How to set the username and password for smtpd in Postfix?

Question

I've set up Postfix as SMTP server by adding this configuration to main.cf:

myhostname = foo.com
mydomain = foo.com
myorigin = $mydomain

smtpd_sasl_path = private/auth
smtpd_sasl_auth_enable = yes
broken_sasl_auth_clients = yes
smtpd_sasl_security_options = noanonymous
smtpd_sasl_local_domain = $myhostname
smtpd_helo_required = yes
smtpd_helo_restrictions = reject_invalid_helo_hostname
smtpd_recipient_restrictions = reject_unknown_recipient_domain, reject_unauth_pipelining, permit_mynetworks, permit_sasl_authenticated, reject_unauth_destination

smtp_sasl_password_maps = hash:/etc/postfix/sasl_passwd

The sasl_passwd file looks like this:

foo.com    user:pass

And I've generated a sasl_passwd.db from that file. Unfortunately, when connecting to my server with the username and password, I keep getting authentication failures. What am I doing wrong?

Answer 1

You are mixing up smtpd_sasl and smtp_sasl, the first is for users authenticating on your server to submit emails for delivery, the latter is used when postfix does not deliver directly but also through a relay and postfix itself authenticates.

Unfortunately, when connecting to my server with the username and password, I keep getting authentication failures.

You say, that you are connecting to the server, so I guess you want to use SASL for smtpd. SASL in postfix for user authentication is usually accomplished by using dovecot or cyrus.

Two hints on where to start to face the task you are actually approaching:

• Postfix docs: SASL_README
• dovecot docs: Postfix and Dovecot SASL

Answer 2

As noted in the previous answer, the variable smtp_sasl_password_maps only applies to SMTP and not SMTPD. Would that the solution were as simple as pointing Postfix SMTPD to a file.

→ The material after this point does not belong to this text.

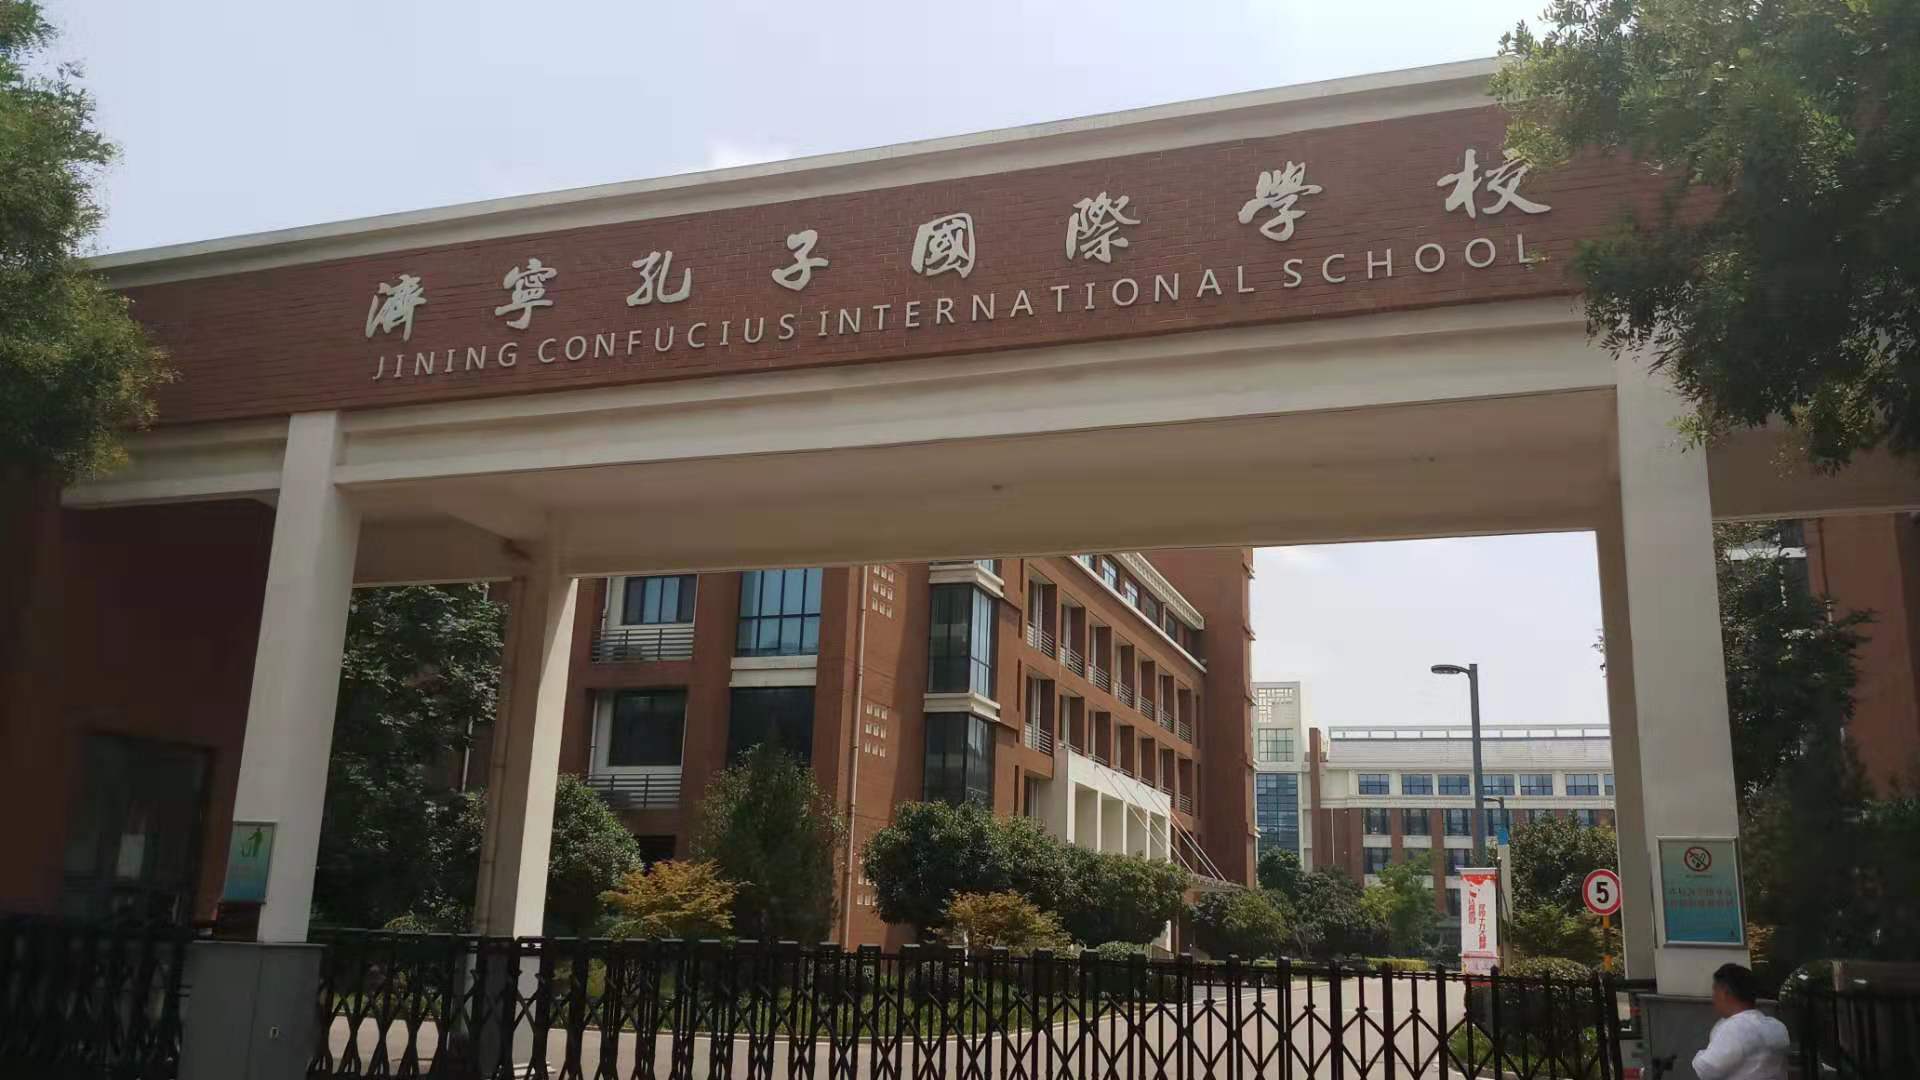 济宁孔子国际学校校徽图片

The previous answer cited what seems like an unnecessary of documentation for the problem of specifying pairs of usernames and passwords to a server. It would be nice if Postfix SMTPD had a way to fall back to a file rather than requiring the administrator to learn about a daemon with pluggable modules.

Apparently such a solution does not exist, so the problem of specifying a set of usernames and passwords to the Postfix SMTPD configuration becomes a problem of getting Postfix SMTPD to interact with a daemon called SASL. (This fact, if true, does not appear in the referenced documentation, so I'm taking some risk to claim it here)

I found the most straightforward documentation for getting Postfix SMTPD to interact with SASL here: https://wiki.debian.org/PostfixAndSASL.

I ended up being able to get Postfix SMTPD to recognize the username/password from my shell login using the first method in the above tutorial "Using saslauthd with PAM". This uses the default SASL mechanism "pam" specified in /etc/default/saslauthd on Debian (although the tutorial tells you to create a copy of this file just for Postfix, which I did). PAM is a standard Unix authentication framework.

I remember running into some problems even with Debian's documentation, but I can't remember exactly what they were. These two commands were necessary to debug problems I encountered (substitute your own username and password):

echo MYPASSWORD | pamtester -v smptd myusername authenticate

sudo testsaslauthd -s smtp -u myusername -p MYPASSWORD

I might have had to have saslauthd running before Postfix SMTPD would even advertise an ability to authenticate to clients.

Finally, I tested submission using msmtp on another host. This tool didn't like the TLS keys in the default Debian Postfix configuration, so I modified main.cf to use letsencrypt keys.

I never had to learn what a Dovecot or a Cyrus is for this solution. However, it would be preferable to have a solution which enables me to use a different password from my shell login, as now my whole system is only as secure as Postfix.